• EXERCISE PROMPT
For the material below, output exactly the span from the line with "Phil and I have" to the line with "Bulger, the infamous leader of the", including both, and nothing besides.

[Start of section]

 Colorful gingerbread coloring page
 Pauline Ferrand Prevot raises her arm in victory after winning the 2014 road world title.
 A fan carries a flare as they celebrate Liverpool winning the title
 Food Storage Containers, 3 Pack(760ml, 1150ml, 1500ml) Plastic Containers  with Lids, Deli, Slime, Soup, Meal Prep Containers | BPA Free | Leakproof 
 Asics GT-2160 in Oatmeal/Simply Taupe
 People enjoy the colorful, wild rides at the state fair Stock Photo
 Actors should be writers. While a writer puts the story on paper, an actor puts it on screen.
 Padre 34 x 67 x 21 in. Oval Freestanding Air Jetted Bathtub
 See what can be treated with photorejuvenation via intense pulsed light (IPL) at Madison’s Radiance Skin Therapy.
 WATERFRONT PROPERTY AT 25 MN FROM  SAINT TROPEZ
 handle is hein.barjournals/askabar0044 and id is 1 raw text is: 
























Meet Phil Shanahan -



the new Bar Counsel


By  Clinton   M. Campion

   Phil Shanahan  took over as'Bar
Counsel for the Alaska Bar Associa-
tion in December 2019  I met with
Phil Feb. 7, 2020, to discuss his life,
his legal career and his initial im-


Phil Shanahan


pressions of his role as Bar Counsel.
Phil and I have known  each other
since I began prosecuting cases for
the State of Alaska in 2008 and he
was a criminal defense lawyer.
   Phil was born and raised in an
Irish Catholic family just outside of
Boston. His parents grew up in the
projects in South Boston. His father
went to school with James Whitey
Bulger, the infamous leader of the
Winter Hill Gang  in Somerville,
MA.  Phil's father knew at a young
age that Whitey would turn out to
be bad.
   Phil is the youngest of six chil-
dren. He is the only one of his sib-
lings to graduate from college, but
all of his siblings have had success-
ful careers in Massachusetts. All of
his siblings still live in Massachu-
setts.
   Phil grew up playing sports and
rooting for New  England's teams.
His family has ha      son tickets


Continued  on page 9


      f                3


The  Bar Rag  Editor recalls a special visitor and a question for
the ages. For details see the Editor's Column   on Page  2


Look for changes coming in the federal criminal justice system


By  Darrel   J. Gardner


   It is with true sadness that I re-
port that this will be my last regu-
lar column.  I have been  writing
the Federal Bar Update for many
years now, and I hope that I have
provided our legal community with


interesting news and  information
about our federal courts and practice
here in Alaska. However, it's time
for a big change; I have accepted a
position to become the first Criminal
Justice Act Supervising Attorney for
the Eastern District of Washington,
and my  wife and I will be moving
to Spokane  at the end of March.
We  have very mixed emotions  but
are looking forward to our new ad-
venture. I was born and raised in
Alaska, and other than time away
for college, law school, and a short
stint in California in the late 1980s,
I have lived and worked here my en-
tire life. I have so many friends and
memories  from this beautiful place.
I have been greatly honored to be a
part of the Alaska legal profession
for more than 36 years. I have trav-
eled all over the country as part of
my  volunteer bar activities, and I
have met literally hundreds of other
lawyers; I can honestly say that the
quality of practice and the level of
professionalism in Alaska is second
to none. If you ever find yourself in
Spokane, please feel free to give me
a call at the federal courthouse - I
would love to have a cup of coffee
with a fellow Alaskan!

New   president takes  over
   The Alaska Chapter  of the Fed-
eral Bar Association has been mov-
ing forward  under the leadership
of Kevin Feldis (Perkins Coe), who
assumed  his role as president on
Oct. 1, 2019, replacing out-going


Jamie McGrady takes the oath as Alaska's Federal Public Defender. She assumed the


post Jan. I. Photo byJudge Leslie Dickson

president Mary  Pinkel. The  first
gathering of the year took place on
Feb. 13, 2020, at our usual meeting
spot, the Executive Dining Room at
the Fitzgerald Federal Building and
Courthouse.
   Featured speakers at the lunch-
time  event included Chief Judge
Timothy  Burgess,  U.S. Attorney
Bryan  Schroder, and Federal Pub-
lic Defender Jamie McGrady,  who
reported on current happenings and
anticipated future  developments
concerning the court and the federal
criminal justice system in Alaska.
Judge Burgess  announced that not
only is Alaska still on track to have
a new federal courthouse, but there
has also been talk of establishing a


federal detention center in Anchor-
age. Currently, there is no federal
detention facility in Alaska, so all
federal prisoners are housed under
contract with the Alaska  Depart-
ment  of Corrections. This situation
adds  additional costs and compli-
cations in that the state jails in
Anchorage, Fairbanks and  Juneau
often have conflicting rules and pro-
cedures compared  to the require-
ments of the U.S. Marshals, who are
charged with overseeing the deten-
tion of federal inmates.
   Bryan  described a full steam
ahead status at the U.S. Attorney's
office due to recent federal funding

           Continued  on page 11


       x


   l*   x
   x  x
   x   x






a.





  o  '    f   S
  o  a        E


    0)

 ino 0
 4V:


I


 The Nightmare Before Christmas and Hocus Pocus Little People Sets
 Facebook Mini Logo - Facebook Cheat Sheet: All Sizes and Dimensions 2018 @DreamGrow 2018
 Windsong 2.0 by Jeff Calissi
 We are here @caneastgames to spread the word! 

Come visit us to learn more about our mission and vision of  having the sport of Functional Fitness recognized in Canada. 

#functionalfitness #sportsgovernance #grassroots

[End of section]

• OUTPUT BELOW
Phil and I have known  each other
since I began prosecuting cases for
the State of Alaska in 2008 and he
was a criminal defense lawyer.
   Phil was born and raised in an
Irish Catholic family just outside of
Boston. His parents grew up in the
projects in South Boston. His father
went to school with James Whitey
Bulger, the infamous leader of the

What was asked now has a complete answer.